PLoS Computational Biology (May 2024)

A multimodal Transformer Network for protein-small molecule interactions enhances predictions of kinase inhibition and enzyme-substrate relationships.

  • Alexander Kroll,
  • Sahasra Ranjan,
  • Martin J Lercher

DOI
https://doi.org/10.1371/journal.pcbi.1012100
Journal volume & issue
Vol. 20, no. 5
p. e1012100

Abstract

Read online

The activities of most enzymes and drugs depend on interactions between proteins and small molecules. Accurate prediction of these interactions could greatly accelerate pharmaceutical and biotechnological research. Current machine learning models designed for this task have a limited ability to generalize beyond the proteins used for training. This limitation is likely due to a lack of information exchange between the protein and the small molecule during the generation of the required numerical representations. Here, we introduce ProSmith, a machine learning framework that employs a multimodal Transformer Network to simultaneously process protein amino acid sequences and small molecule strings in the same input.

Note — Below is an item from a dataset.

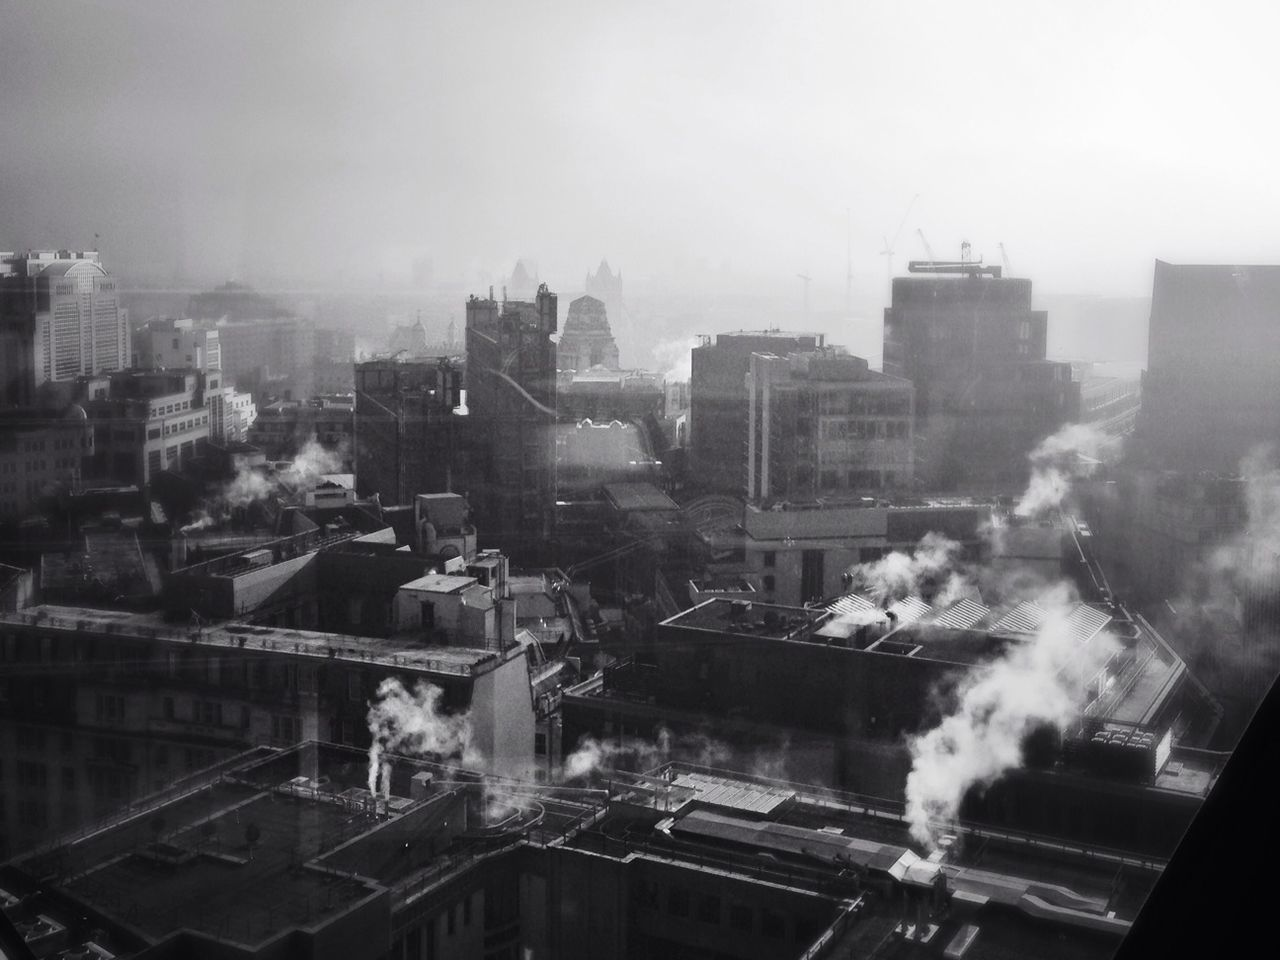 Air Pollution, Architecture, Building Exterior, Built Structure, Capital Cities

This approach facilitates the exchange of all relevant information between the two molecule types during the computation of their numerical representations, allowing the model to account for their structural and functional interactions. Our final model combines gradient boosting predictions based on the resulting multimodal Transformer Network with independent predictions based on separate deep learning representations of the proteins and small molecules. The resulting predictions outperform recently published state-of-the-art models for predicting protein-small molecule interactions across three diverse tasks: predicting kinase inhibitions; inferring potential substrates for enzymes; and predicting Michaelis constants KM. The Python code provided can be used to easily implement and improve machine learning predictions involving arbitrary protein-small molecule interactions.